Нет ничего страшнее преждевременно обнаруженного таланта в еврейской семье с традициями. О, эти недоойстрахи-недошагалы-недобабели, тайно мечтающие в свои под сорок о профессии дантиста или гинеколога!..
Такая беда могла бы случиться со мной, если бы я вовремя не осознал, что из меня никогда не получится художника. И спас меня от этой беды все тот же Раввин.
Это была вспышка, длившаяся мгновение, с отложенным осмыслением случившегося на долгие годы.
Мнивший себя не то Ван Гогом, не то Гогеном, я накинулся на Раввина. Счастье, что мои близкие позабыли купить к краскам разбавитель.
Я щедро смешал белила с киноварью и кинулся освежать потускневшие раввиновские манжеты. Я тронул жженой сиеной благородный рембрантовский фон. Я влепил в безгрешно-прозрачную ломкую бороду иудейского мудреца клочки нордических огненно-рыжих волос…
Свежая неумело положенная краска изменила Раввина, — он стал ближе, словно приготовился открыться для задушевной беседы. Эта перемена и остановила меня. Я почувствовал, как теряю что-то, что складывается в мое имя и фамилию (с которой, кстати говоря, суждено было мне расстаться), хотя тогда еще и помыслить не мог, сколько лет должно пройти, чтобы у меня приоткрылись глаза и отворились уши.
Второй удар был нанесен Раввину мамой: она устала от той пыли, которую собирала позолоченная рама с резным цветочным орнаментом. Она выбросила ее. Она выбросила раму, которая могла бы украсить любой музей, чтобы идти в ногу со временем.
Из этого ее “современного” марша ничего не вышло: маме суждено было стать хранительницей очага (помню, как мама, оставаясь мусульманкой, зажигала свечи в шабат, потому что так хотела бабушка Сара, и просила не забывать, а ведь маме тогда никто не говорил: “Адочка, гут шабес или шабат шолом”).
Несколько лет картина стояла без рамы все на том же шкафу. Я рос и больше не боялся Раввина: у меня была своя жизнь, у него — своя.
Отец мог бы не забирать картину себе. Но за то время, что я рос, рос и мой отец, вследствие чего у него начал проявляться интерес не только к литературе…
Отец увлекся живописью, иконами, коллекционированием оружия (холодного и огнестрельного), предметами старины…
Полагаю, что для отца того периода картина была лишь артефактом некогда богатого еврейского семейства, бросившего игральные кости где-то на южных задворках империи. Иначе он бы не отнесся так к Раввину, не нанес бы третьего удара.
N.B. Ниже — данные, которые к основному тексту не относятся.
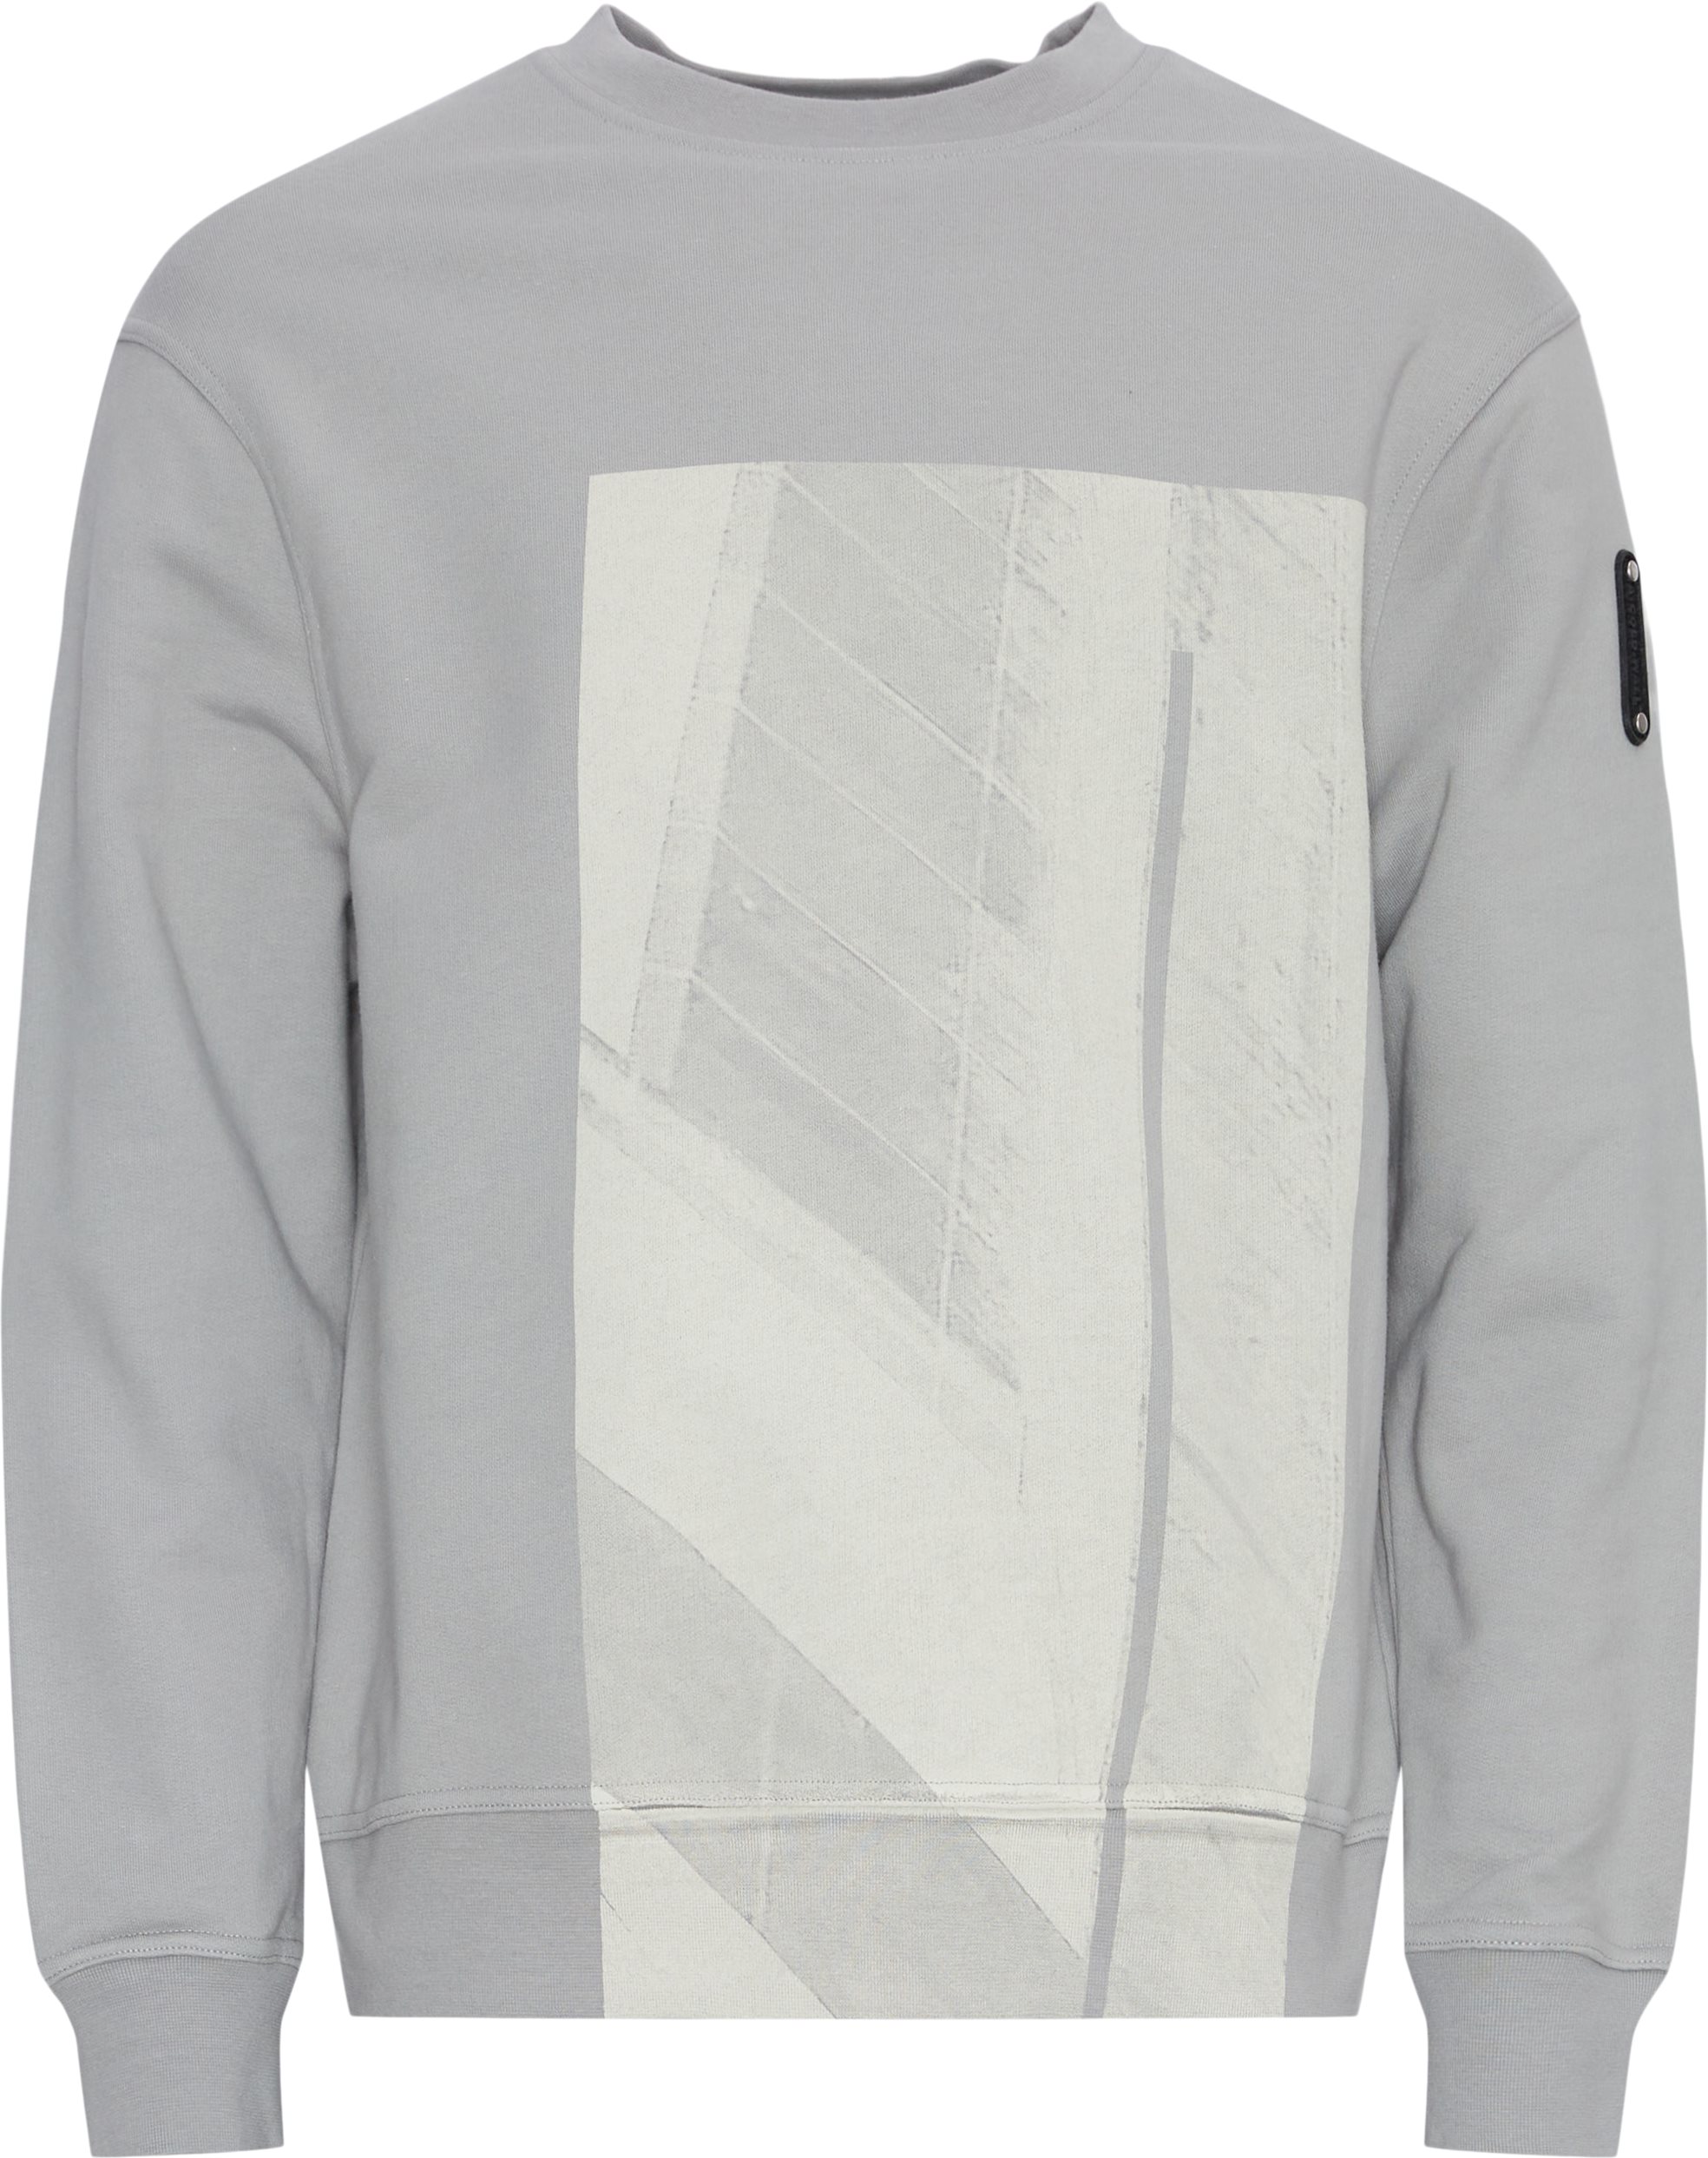 A-COLD-WALL* Sweatshirts ACWMW188 Grey
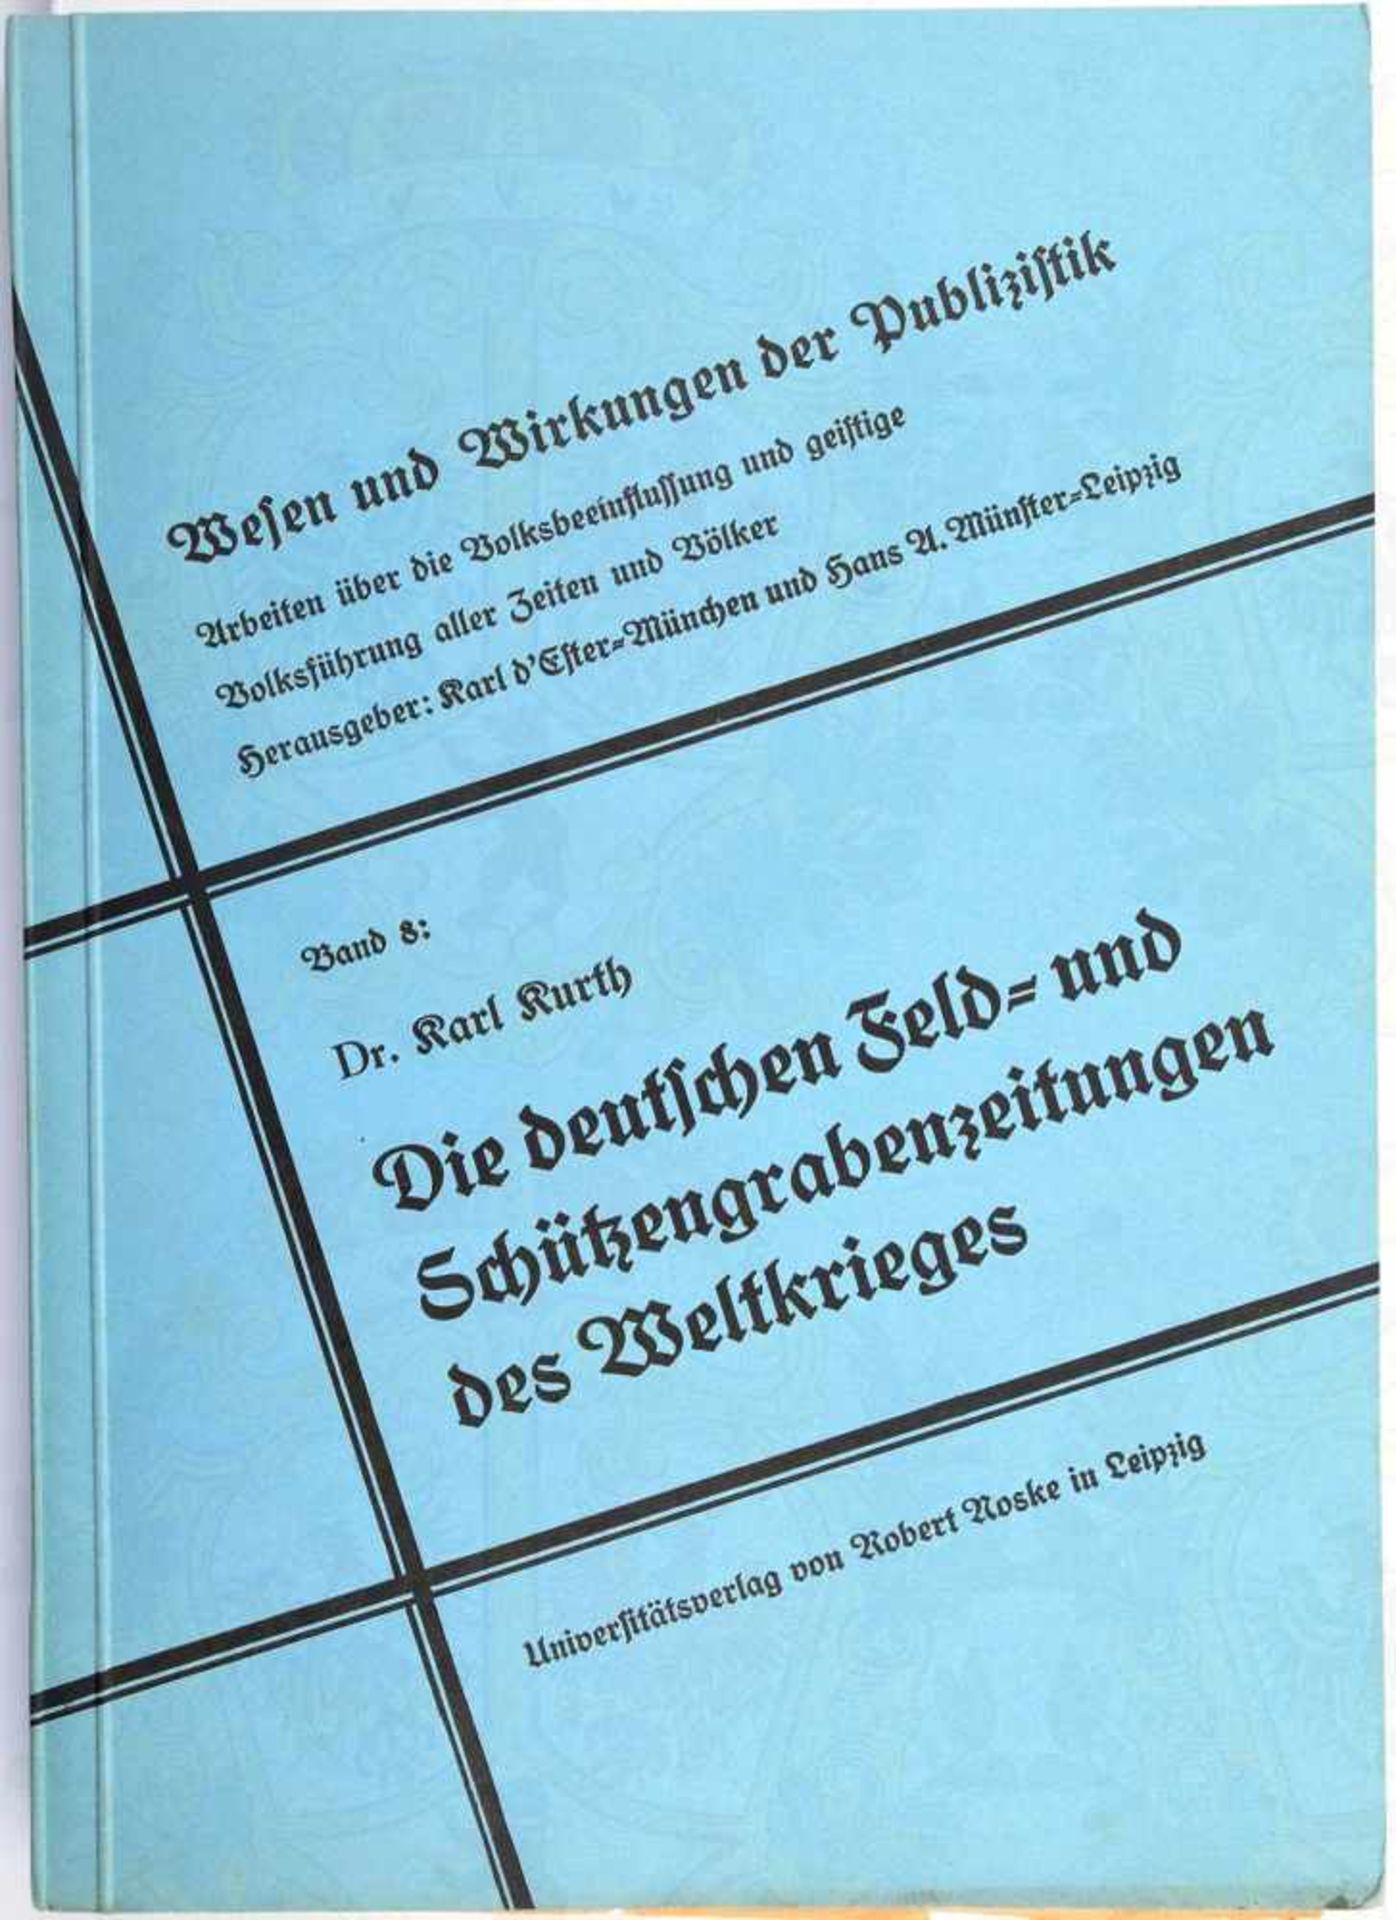 DIE DEUTSCHEN FELD- UND SCHÜTZENGRABENZEITUNGEN „des Weltkrieges“, Dr. K. Kurth, Leipzig 1937, 264

Отец решил, что на картине неоправданно много фона, следовало бы его уменьшить, ибо жизнь современная не располагает таким количеством свободного времени, жизнь современная требует от искусства напряжения.
Отец даже не попросил у меня плоскогубцев. Острой финкой ловко, словно резал кавун, прошелся по полотну, скрутил его в трубочку, завернул в газету и ушел к себе, в другой дом.
Я не заметил отсутствия мудреца, я был поглощен вопросами пола.
Конечно, приходя к отцу, я, нет-нет да и взглядывал на эту картину в окружении других, полных напряжения, срывавшихся со стен горластыми волкодавами. Уменьшенная в размерах, хранящая в себе не глотку окружающего мира, но голос одинокий, она почему-то вызывала во мне лишь чувство жалости.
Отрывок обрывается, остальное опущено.